The collection of abilities offers ways to “break” the previous “Saints Row” experiences, and unless it’s required by a mission, you’ll rarely find yourself driving a car or any of the other vehicles in the game. Traversal is now handled by massive, upgradeable leaps and gliding, and when you’re not mixing it up with the terrestrial and alien arsenals, you’ll be freezing foes or flinging them around using telekinesis.
I wasn’t fond of the garish-but-still-vague Steelport in “Saints Row the Third,” but Volition has made the city of the simulation one worth visiting. The world glitches and pixelates as your explore it, while monstrous, malformed character models make up some of the targets you’ll have to hunt down in diversions.
And the diversions: this is where “Saints Row IV” starts to feel a little underbaked. That 20 hour play time is padded out significantly by main missions that have the feel of side missions, requiring you to play some of the slightly longer than minigame missions in order to progress through the relatively brief story. Side missions are a mix of loyalty tasks that break this mold and even more diversions (hacking shops and opening up parts of the city, foot races, all under the guise of further breaking Zinyak’s simulation), but after the third time playing one of the arena combat missions, I’d had enough. Virtual Steelport also offers hundred of collectibles including character upgrading nodes and Zinyak statues strewn throughout the city. Good look finding them all.
As for the combat itself: again, Volition has created an impressive array of abilities, but some encounters are a battle with the camera and controls of “Saints Row IV.” In particular, the Warden bosses move a little faster than you’ll actually be able to orient your targeting reticule (which curiously goes away when you’re in flight), and a controller setup might not be the optimal way to play the game.
Some technical issues also mar the overall experience on the Xbox 360, including inconsistent framerate, character audio and VO which occasionally drops out, and one crash which resulted in my having to restart the final mission. Outside of that particular bug, the overall experience was stable on the 360, just a suboptimal. As of this writing, Volition and publisher Deep Silver have released a Day One patch which may mitigate some of these issues.
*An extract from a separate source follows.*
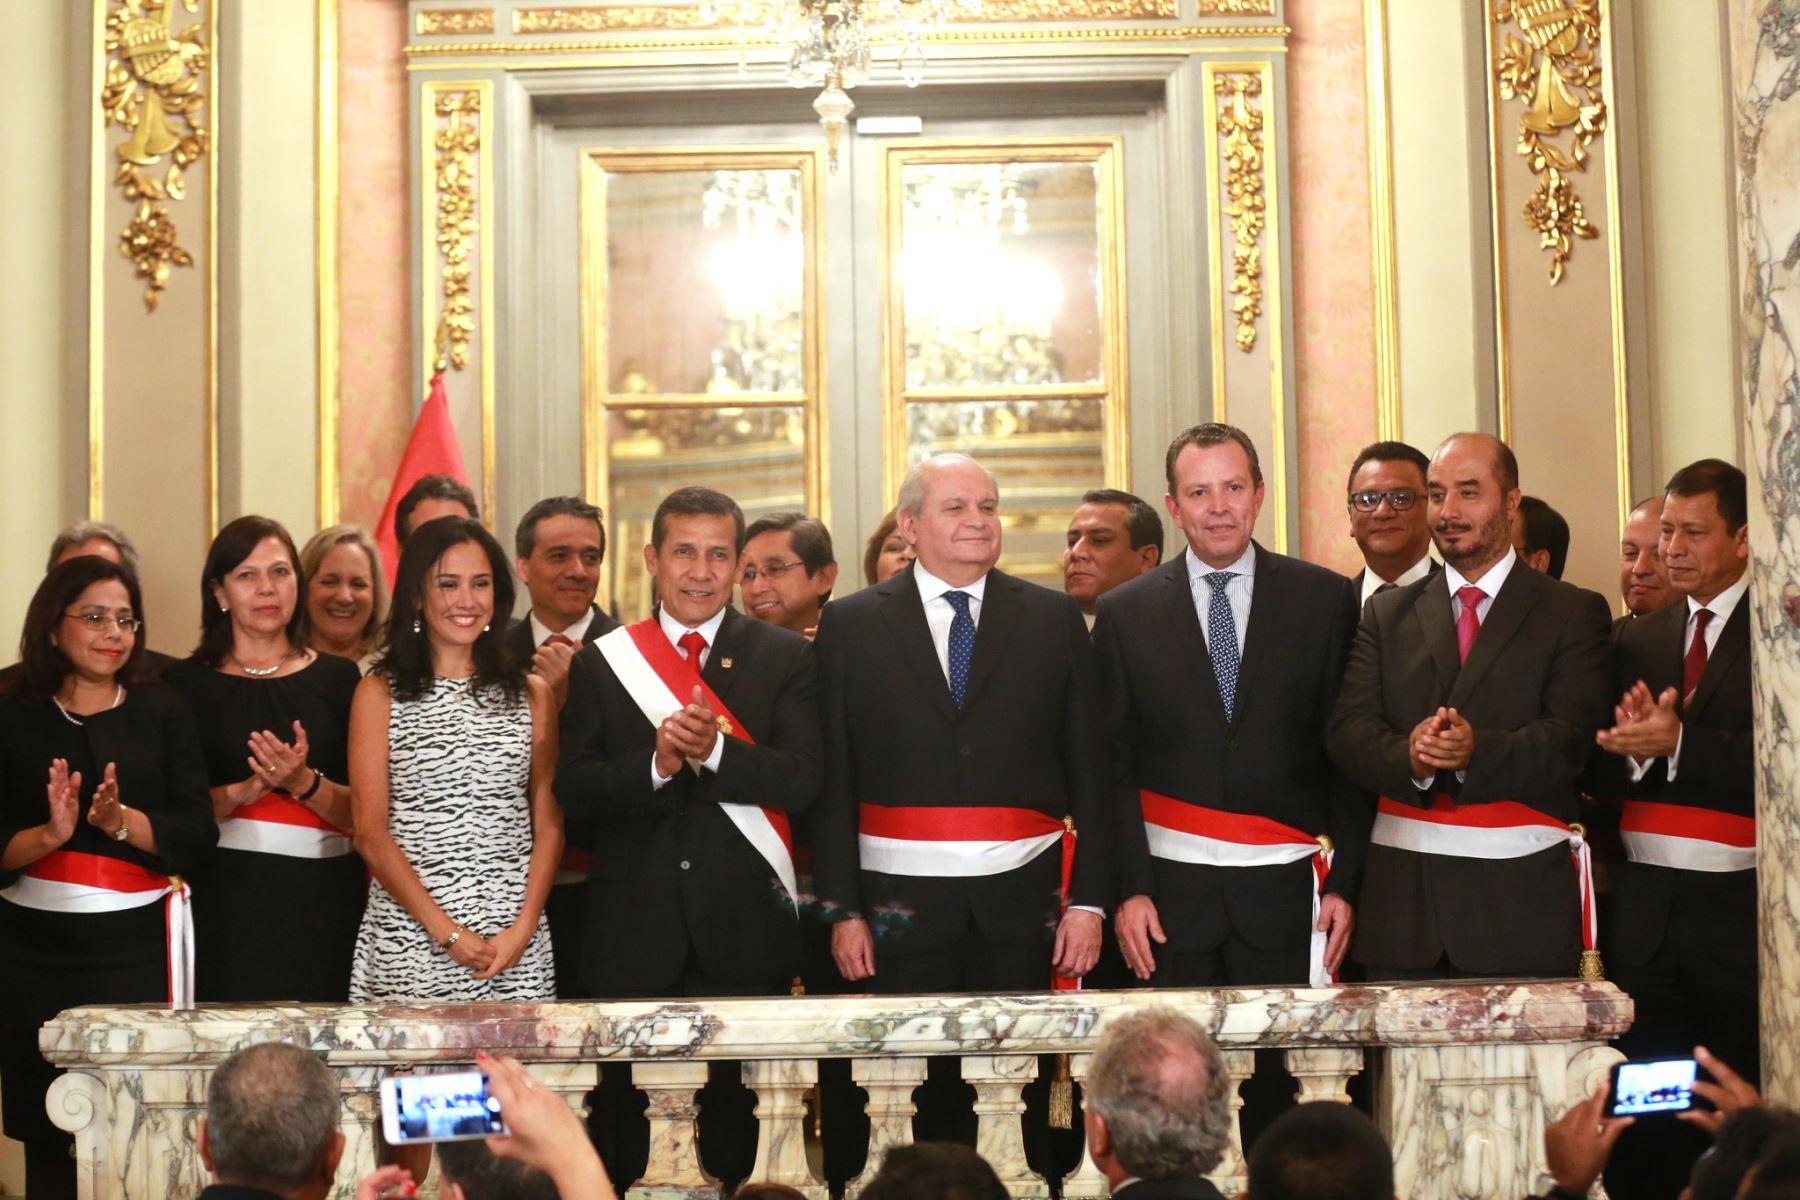 Presidente Humala junto al nuevo Gabinete ministerial encabezado por Pedro Cateriano Bellido. Foto: Presidencia.

Whichever version of the game you play, “Saints Row IV” offers an endless barrage of charm and goofy humor celebrating the franchise and outdoes some open world superhero games like “Prototype” in the scale of your character’s abilities. Even if it’s kind of painted the series into a corner should another installment come around, it’s a big, bold experiment with the franchise.
Score: 8 out of 10
“Saints Row IV” is available now for the Xbox 360, PS3, and PC.